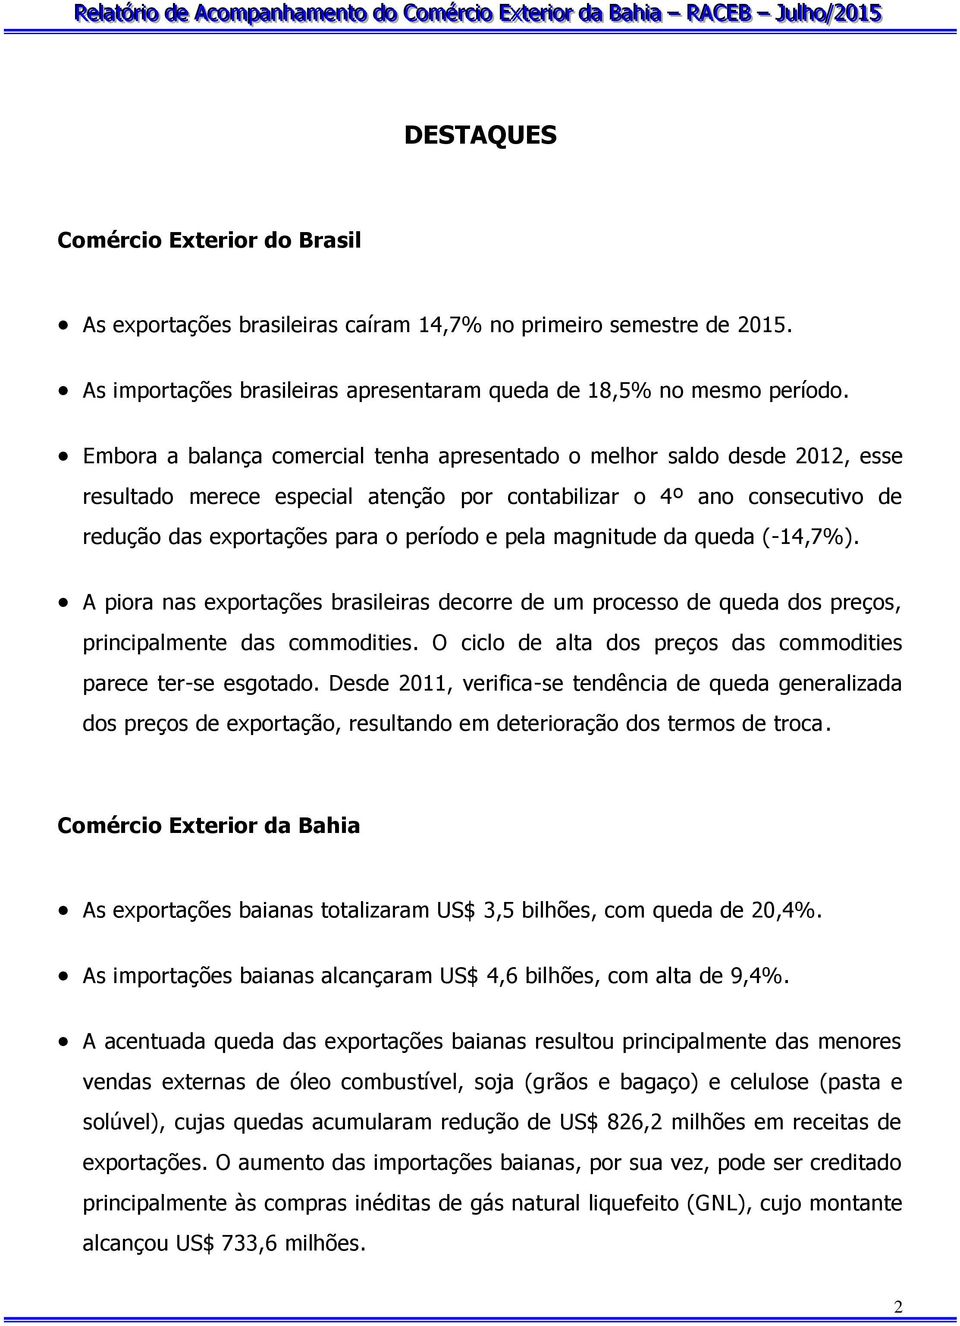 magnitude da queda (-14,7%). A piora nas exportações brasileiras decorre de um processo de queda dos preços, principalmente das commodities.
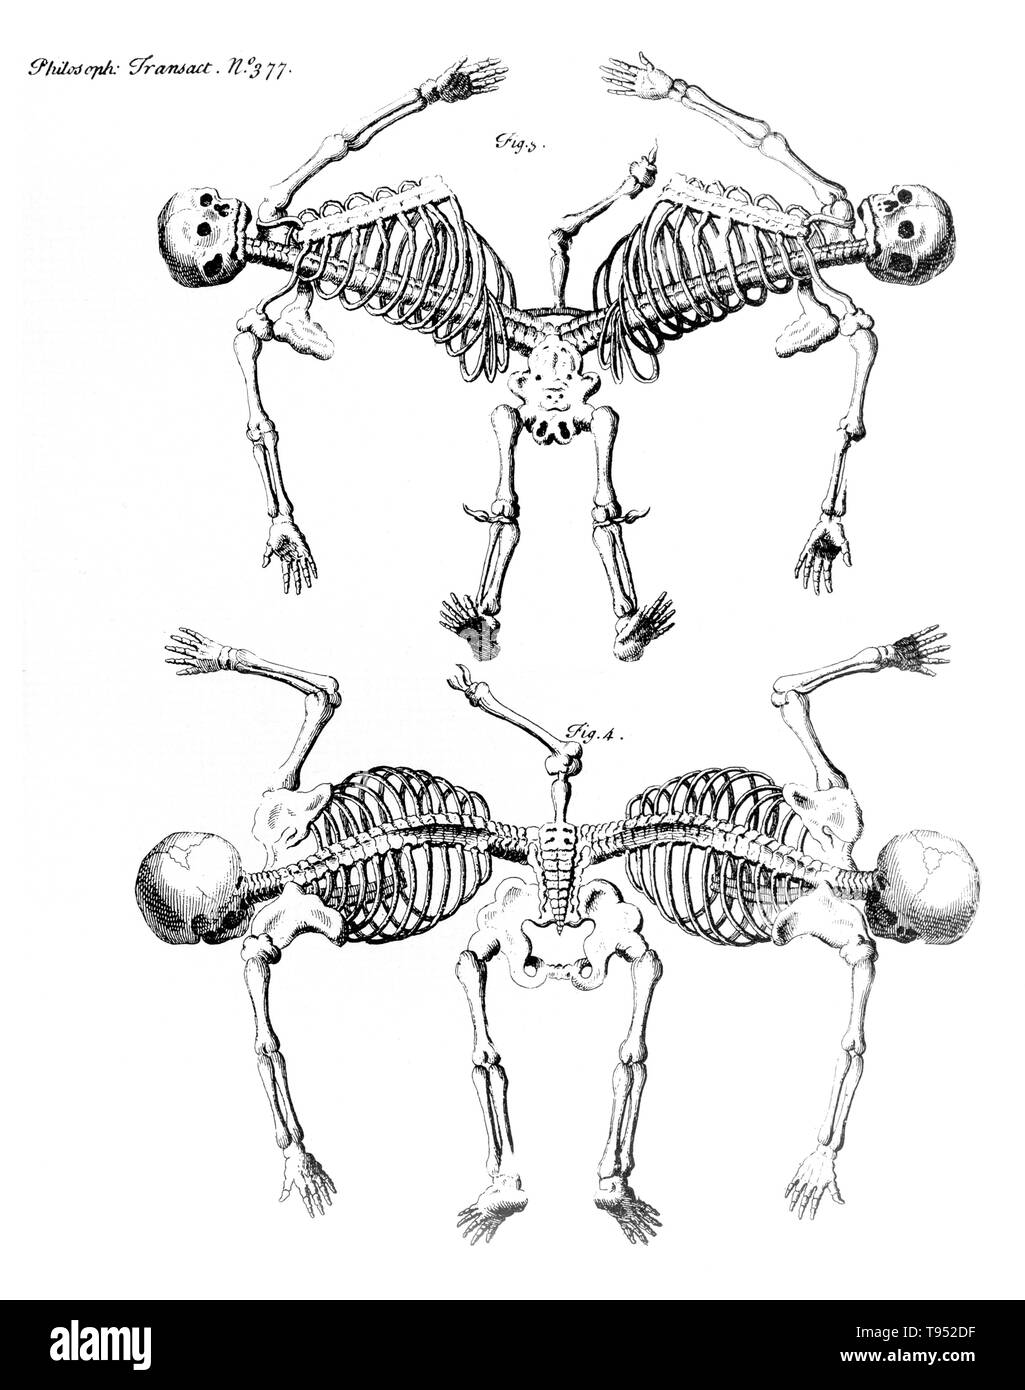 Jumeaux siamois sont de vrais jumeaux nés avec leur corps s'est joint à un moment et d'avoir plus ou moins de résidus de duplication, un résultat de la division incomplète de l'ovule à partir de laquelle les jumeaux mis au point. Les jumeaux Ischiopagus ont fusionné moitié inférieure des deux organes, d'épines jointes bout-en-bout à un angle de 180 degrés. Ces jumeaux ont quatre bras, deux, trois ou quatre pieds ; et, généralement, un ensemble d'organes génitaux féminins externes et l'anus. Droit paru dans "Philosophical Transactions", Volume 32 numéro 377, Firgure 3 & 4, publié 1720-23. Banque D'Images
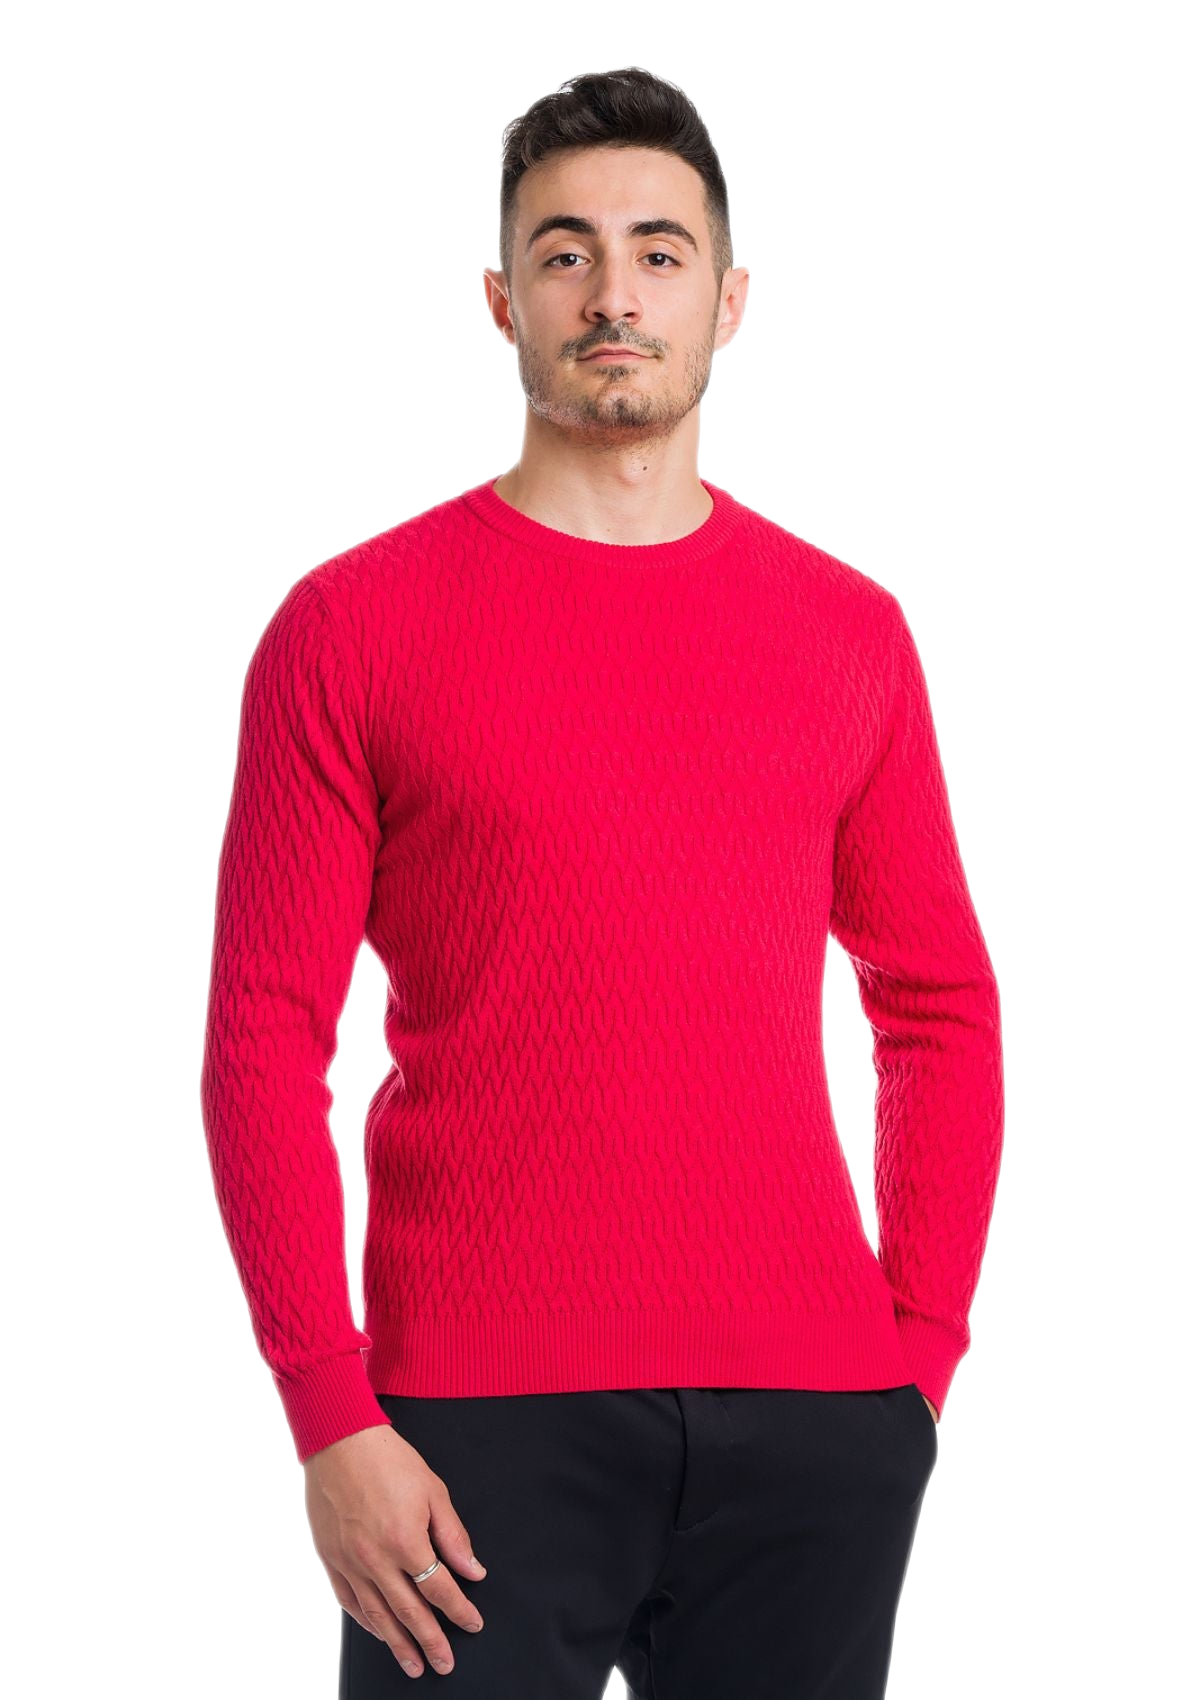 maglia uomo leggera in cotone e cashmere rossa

_____

--- EXERCISE ---
Would you copy out the material above exactly, without the pictures in it?

--- EXERCISE RESPONSE ---
 magnitude da queda (-14,7%). A piora nas exportações brasileiras decorre de um processo de queda dos preços, principalmente das commodities.
 Jumeaux siamois sont de vrais jumeaux nés avec leur corps s'est joint à un moment et d'avoir plus ou moins de résidus de duplication, un résultat de la division incomplète de l'ovule à partir de laquelle les jumeaux mis au point. Les jumeaux Ischiopagus ont fusionné moitié inférieure des deux organes, d'épines jointes bout-en-bout à un angle de 180 degrés. Ces jumeaux ont quatre bras, deux, trois ou quatre pieds ; et, généralement, un ensemble d'organes génitaux féminins externes et l'anus. Droit paru dans "Philosophical Transactions", Volume 32 numéro 377, Firgure 3 & 4, publié 1720-23. Banque D'Images
 maglia uomo leggera in cotone e cashmere rossa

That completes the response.